Sabadão, sete da tarde. Ainda tinha cerca de uma hora antes de escurecer. Intimei o Nissin para subirmos o Morro do Boi (aquele da Praia Mansa). O cronograma estava apertado, mas dava tempo de ir, subir e descer antes do sol desaparecer. No caminho para o morro, encontramos o Lício e o Zóio. Agora a equipe de escalada tinha quatro integrantes. Nossos equipamentos estavam em dia: bermuda e pés descalços. Chegamos e subimos. Tranqüilo. A vista do pico é sempre um colírio para os olhos, ainda mais no pôr-do-sol. Na descida, a primeira idéia brilhante surgiu: vamos na praínha! É uma trilha alternativa, que desce para o outro lado do morro, terminando numa minipraia encravada no costão. É claro que era uma péssima idéia, visto que já tinha começado a escurecer, mas quatro cabeças pensam pior do que uma :) Quando chegamos na praínha, já estava aquela luz difusa (lusco-fusco) e dali 10 a 15 minutos estaria um breu. O certo seria voltar correndo pela trilha que viemos, mas eis que surge a segunda idéia brilhante do dia: vamos voltar pelas pedras!

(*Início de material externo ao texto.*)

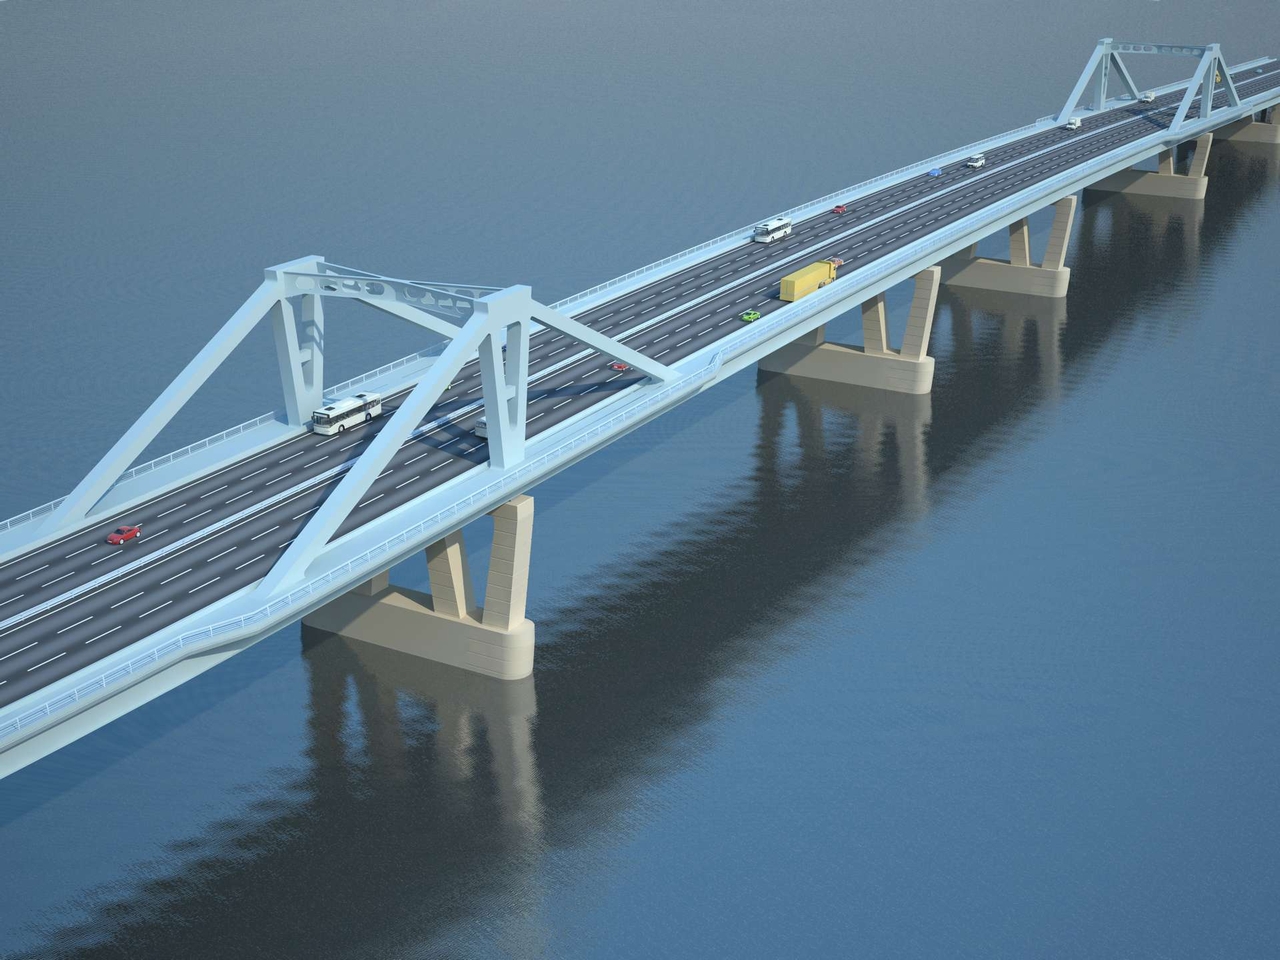 Фрунзенский мост в Самаре

Pausa para um contexto explicativo:
A encosta do morro é irregular, íngreme e possui vários filetes de água que deixam a pedra lisa. Em condições normais (sol forte, maré baixa, pedra seca), contornar o morro pelo costão demora cerca de 30 minutos e exige atenção dobrada. Tínhamos no máximo 15 minutos de luz e a maré estava alta, com ondas batendo nas pedras. Escrevendo agora, é difícil acreditar que isso parecia uma boa idéia naquele momento, mas foi justo o que fizemos.

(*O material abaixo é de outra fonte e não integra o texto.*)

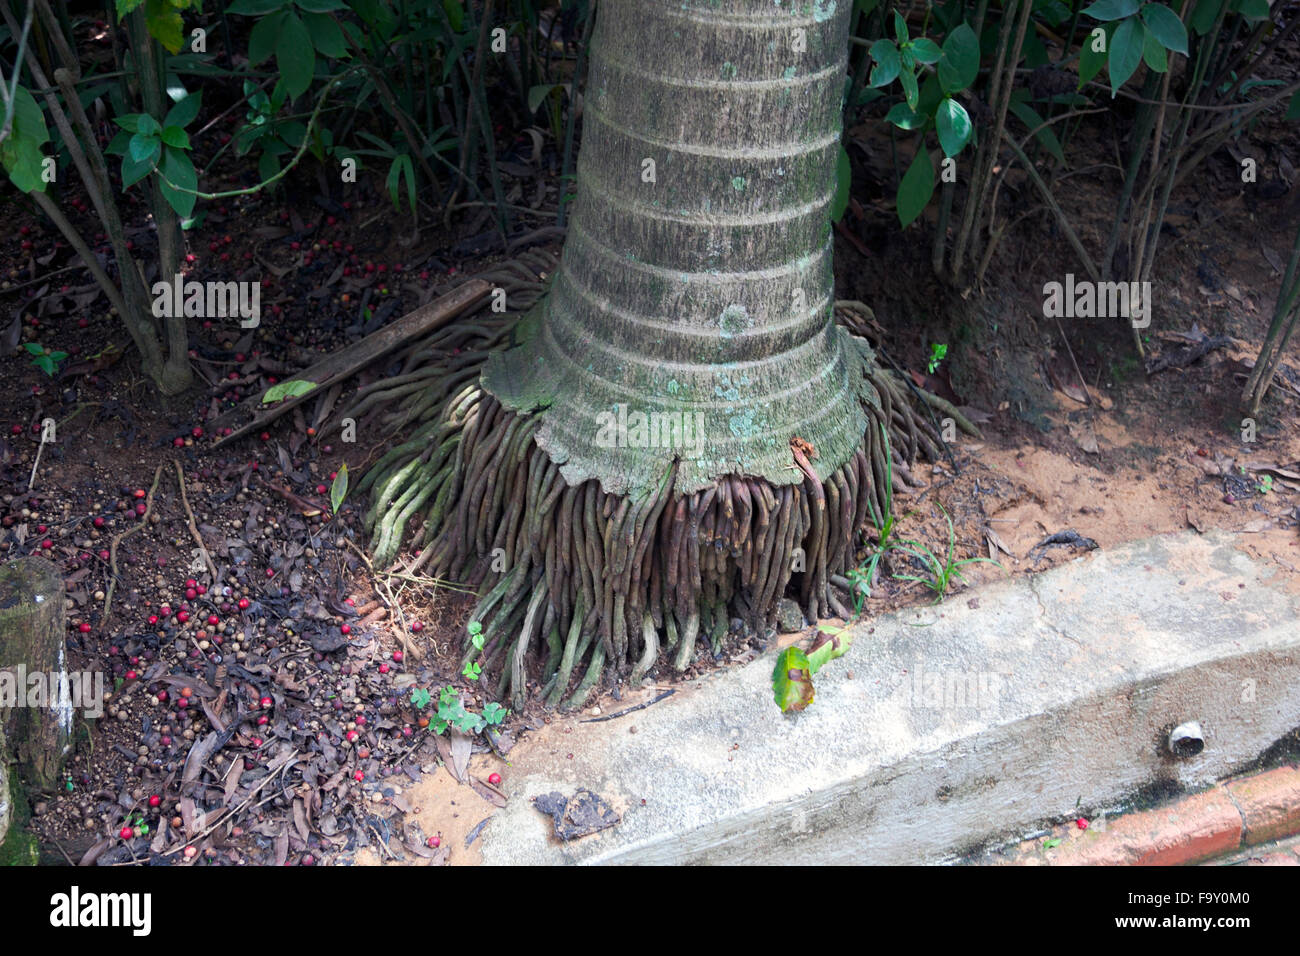 Palm tree roots immagini e fotografie stock ad alta risoluzione - Alamy

O coletivo irracional decide que as pedras são legais. Começamos a volta e a previsão de pedra escorregadia se confirmou. Seguimos com atenção máxima e velocidade mínima. A cada passo menos se enxergava, até que o último fiapo de sol se foi. Nossa sorte nesse momento é que o céu estava limpo, sem muitas nuvens, então mesmo no escuro era possível enxergar os vultos. Longos minutos se passaram e quando faltavam poucos metros para o final, chegamos no ponto mais perigoso, a última escalada de pedra que tem um trecho onde as ondas estavam batendo forte. Teria que contar o tempo das ondas, esperar e usar a curta janela de tempo entre duas ondas para atravessar uma pedra com limo e escalar um paredão de 90 graus com quase 3 metros. Ah, no escuro. Pela primeira vez no dia, as cabeças pensaram: aquilo era perigoso demais e não ia acabar bem. Sem outra opção, só nos restava voltar todo o caminho que fizemos pelas pedras e pegar a trilha da praínha…
Na volta, apreensão e tensão. Tudo escuro, pedra lisa, sem opções. No meio do caminho de volta, com os olhos meio que já acostumados ao escuro, vimos um buraco na mata, que parecia ser o início de uma trilha. Entre continuar pelo costão ou pela mata fechada, a mata parecia um presente divino de segurança e conforto. Mas lá dentro, sem o céu estrelado para ajudar, era um breu só. Preto sobre preto, impossível de enxergar. A salvação veio com os celulares do Lício e o Zóio. Eles não tinham aquela lanterna, mas somente a luz do visor já ajudava a enxergar vultos na escuridão. E assim voltamos pela mata, com a tímida luz do visor de dois celulares, tropeçando, escorregando, saindo da trilha. Como é fácil se perder no escuro. E finalmente chegamos no final, saímos do morro, aleluia! Como foi bom ver a rua iluminada da Praia Mansa, a calçada, pessoas… Horário: 21h30.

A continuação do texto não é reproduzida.